── EXERCISE DATA ──

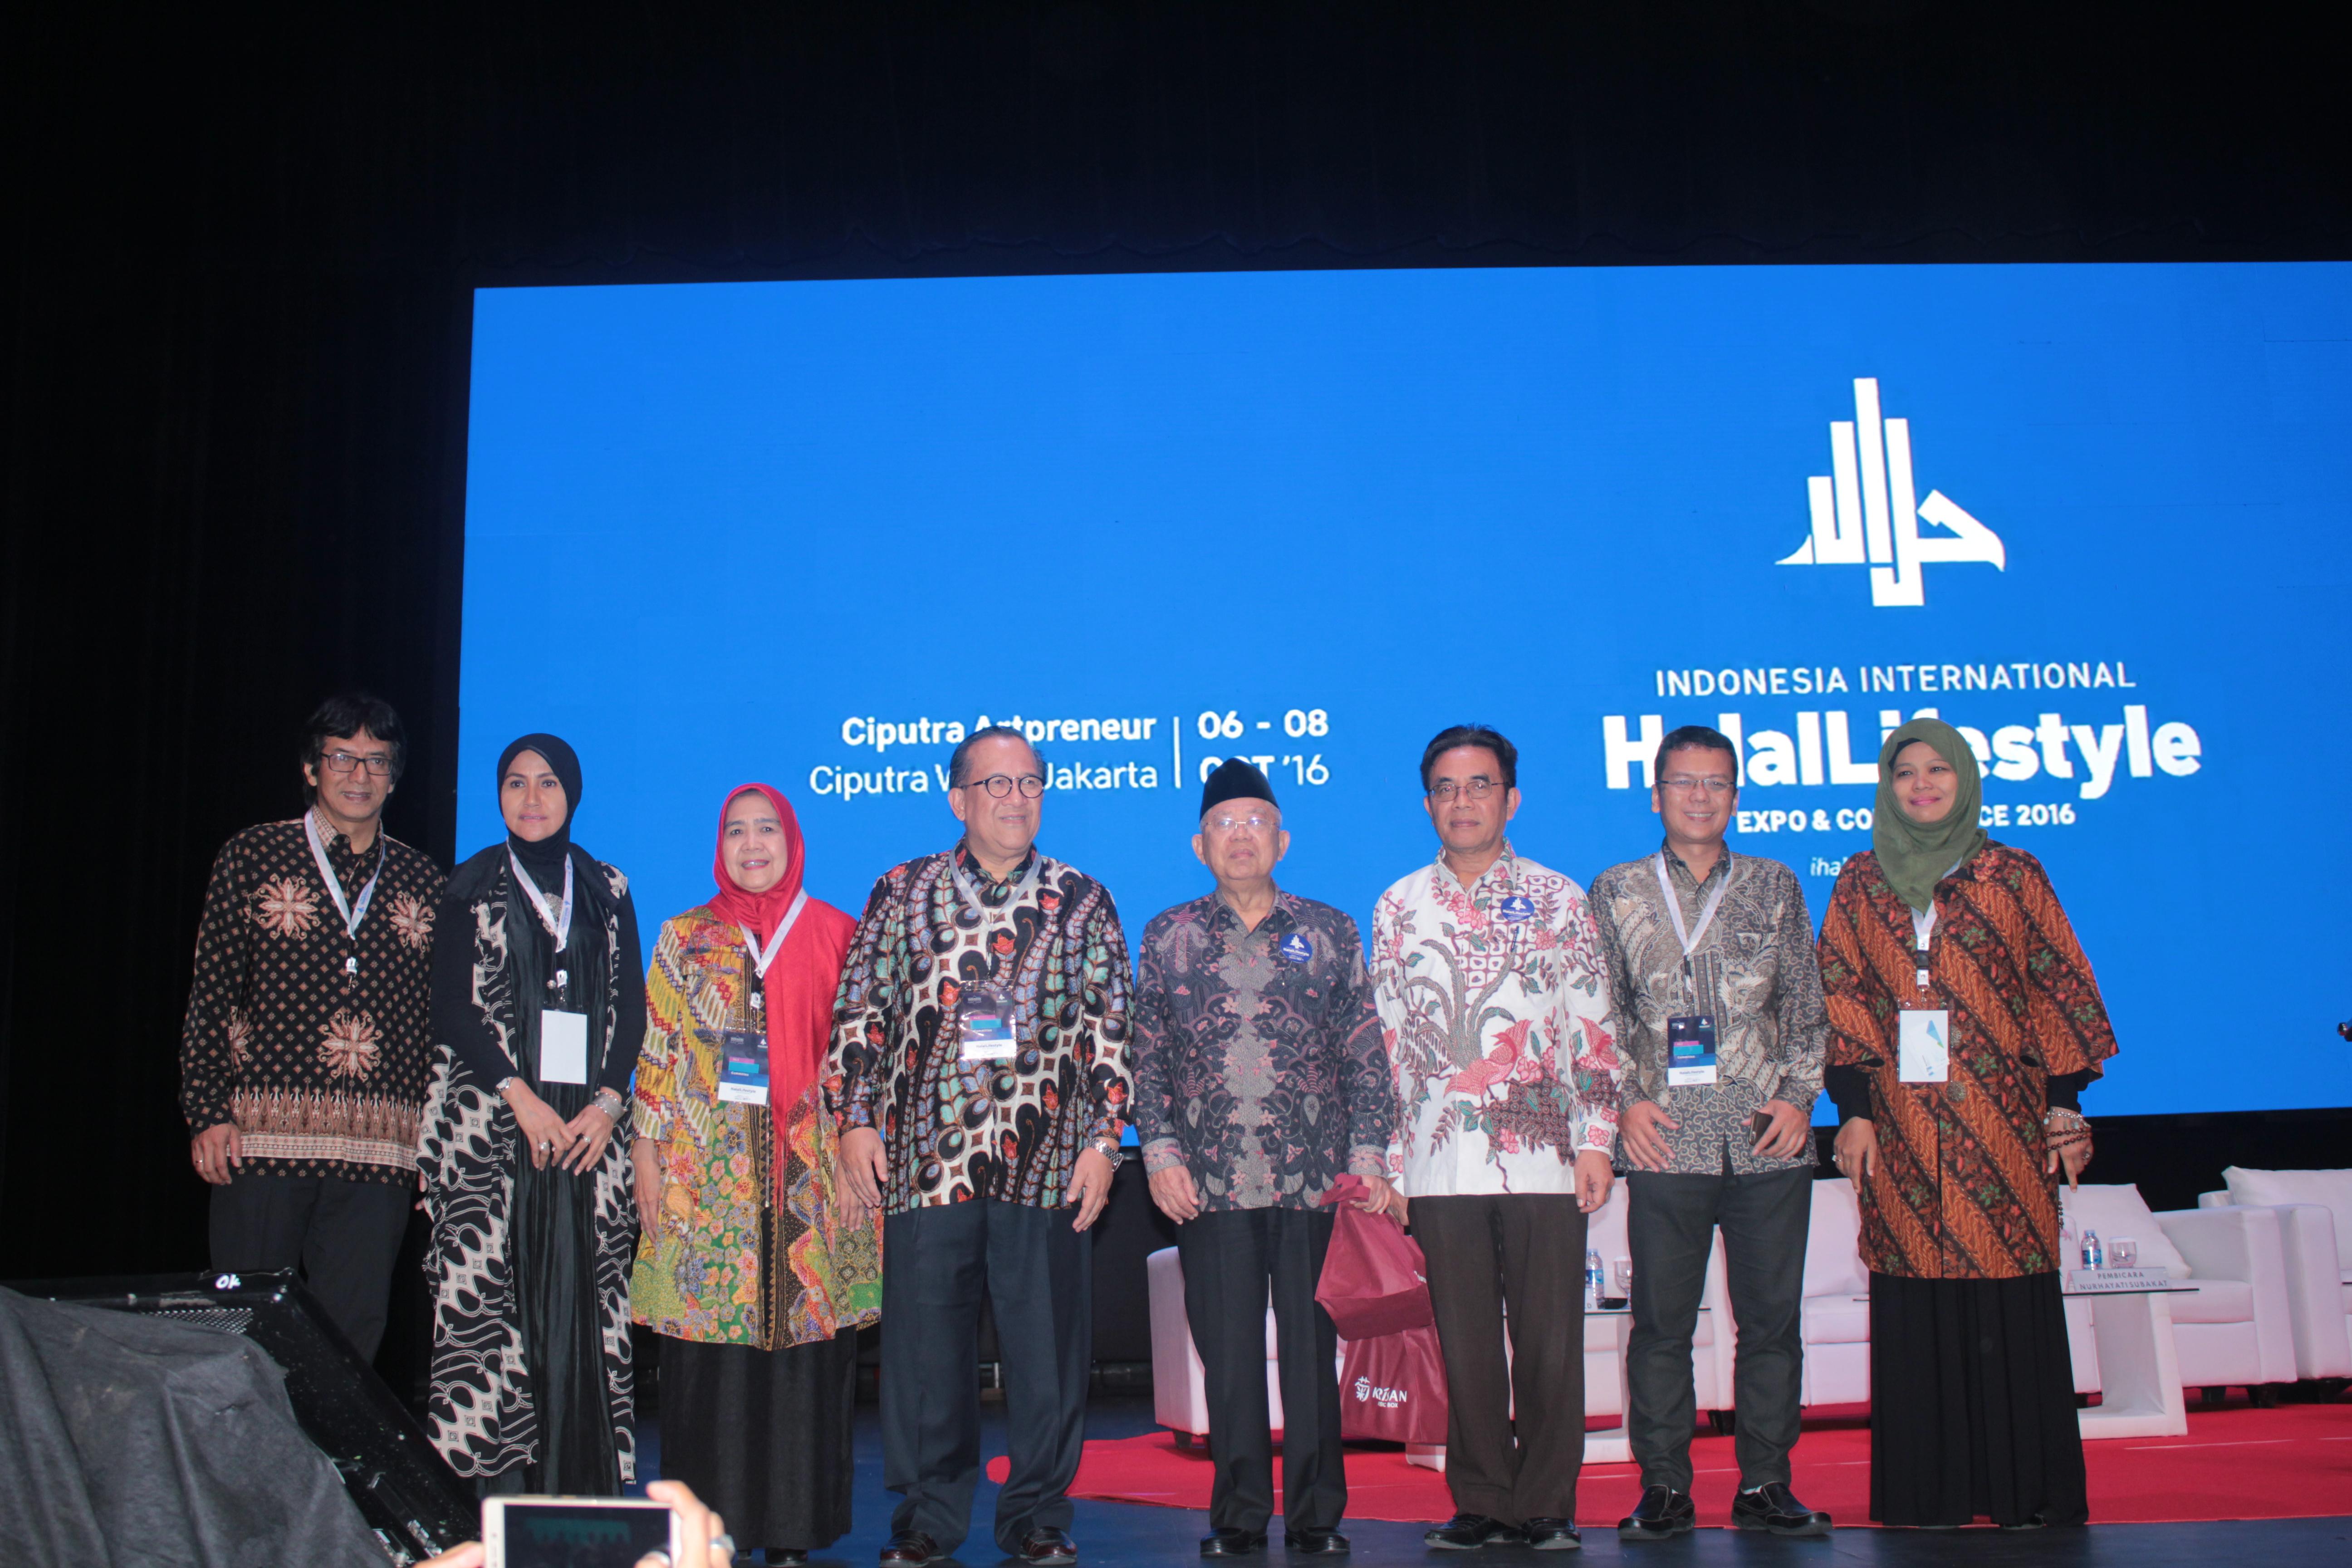 Ketua Umum MUI Buka Acara Halal Lifestyle
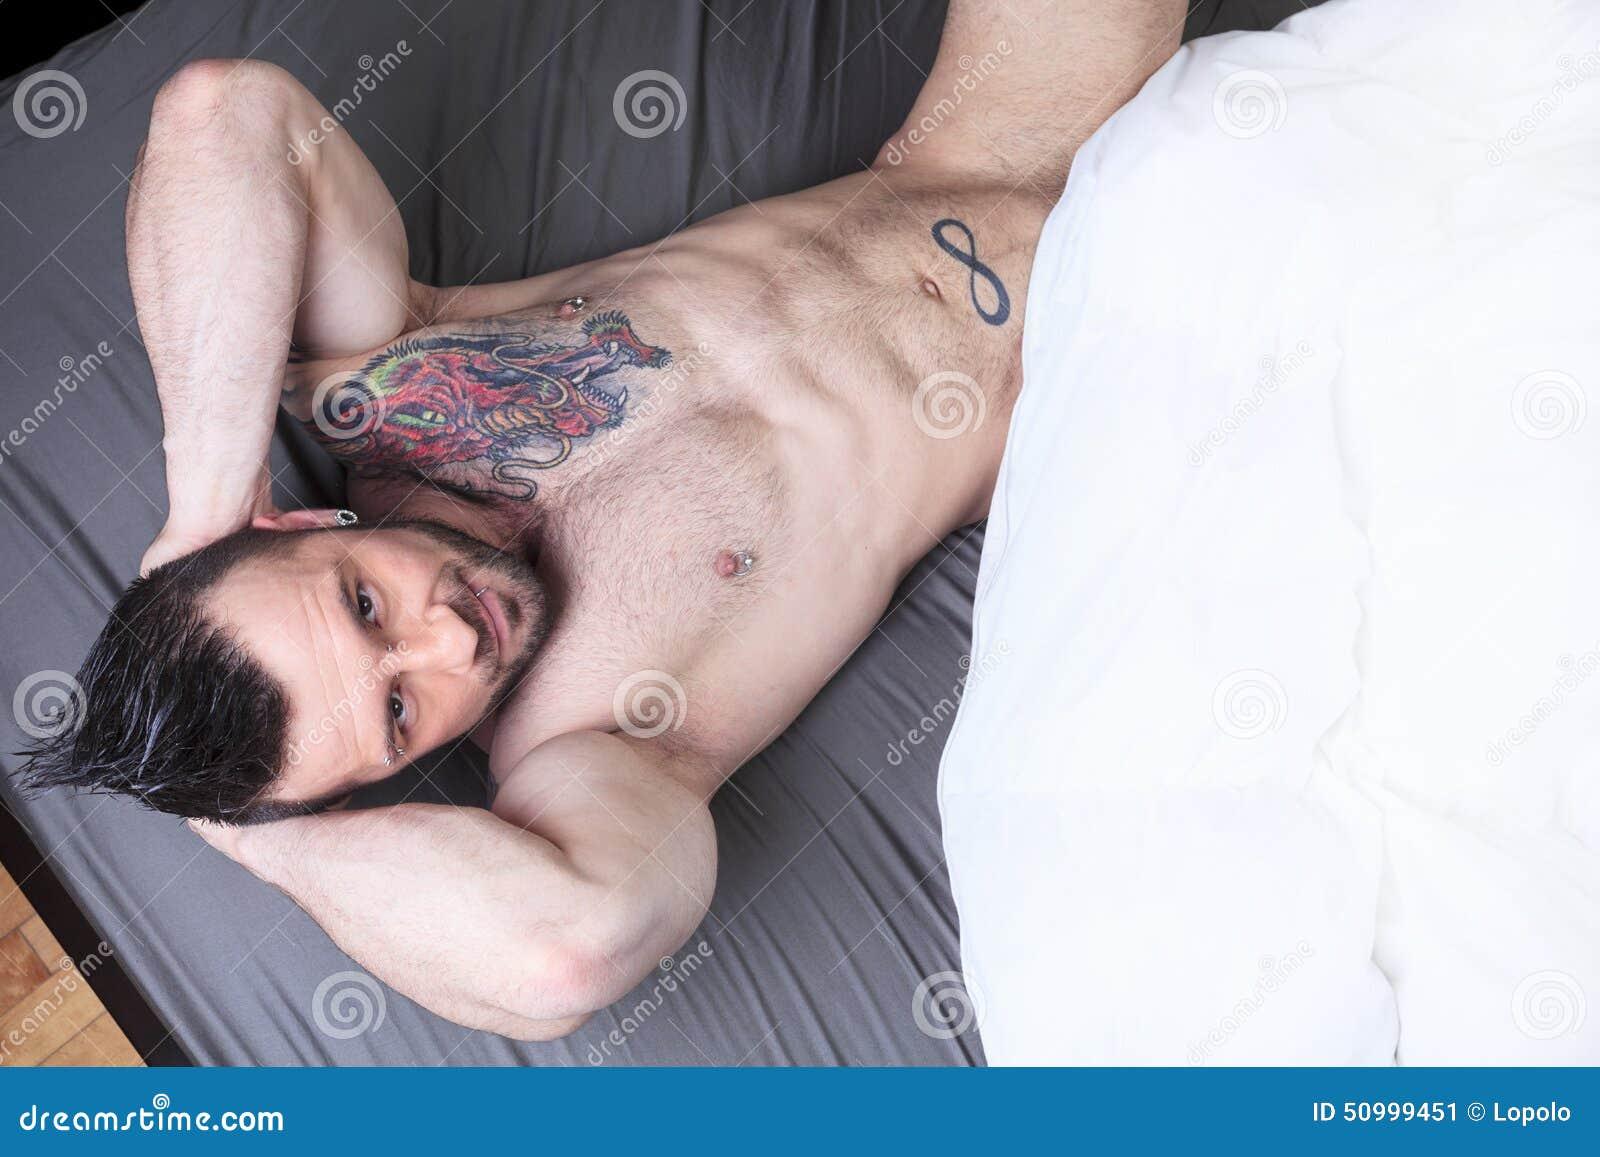 Vidos de sexe dans un lit - x-uvcom
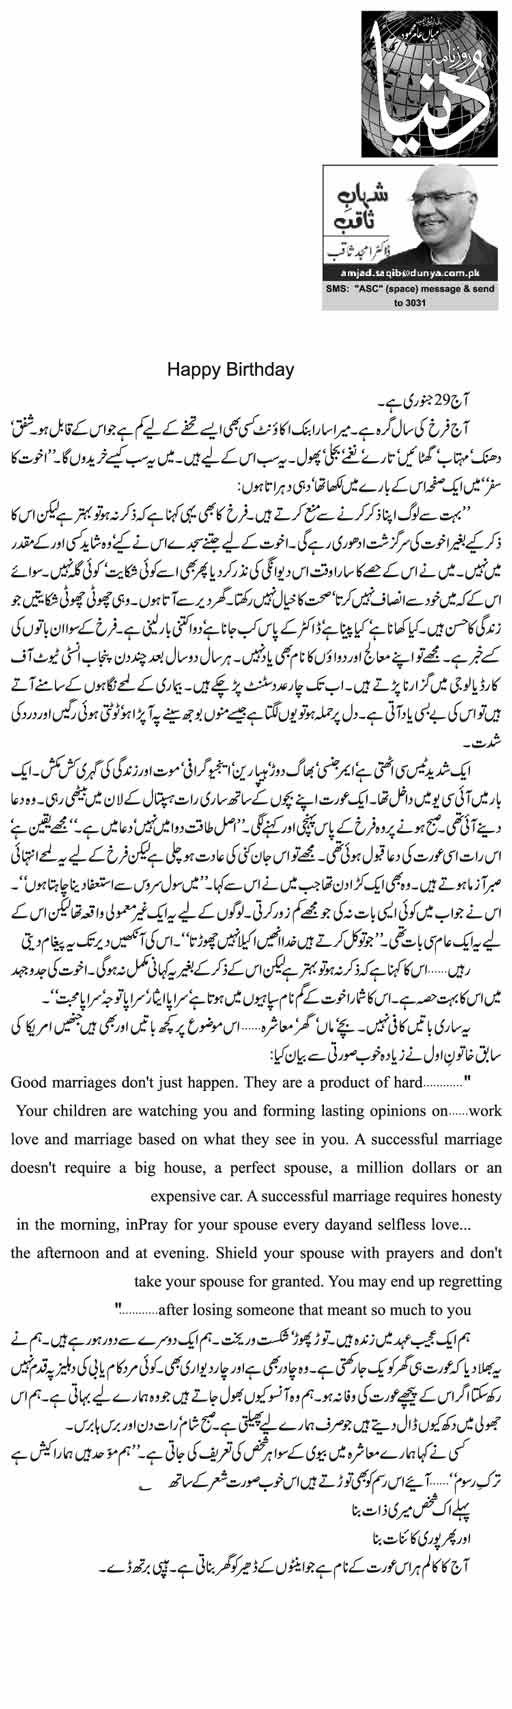 Happy Birthday | Dr. Amjad Saqib | Daily Urdu Columns

───

◆ **WHAT THE TASK ASKS**: Leaving out the pictures, transcribe the material above exactly.

◆ **TASK ANSWER**:
 Ketua Umum MUI Buka Acara Halal Lifestyle
 Vidos de sexe dans un lit - x-uvcom
 Happy Birthday | Dr. Amjad Saqib | Daily Urdu Columns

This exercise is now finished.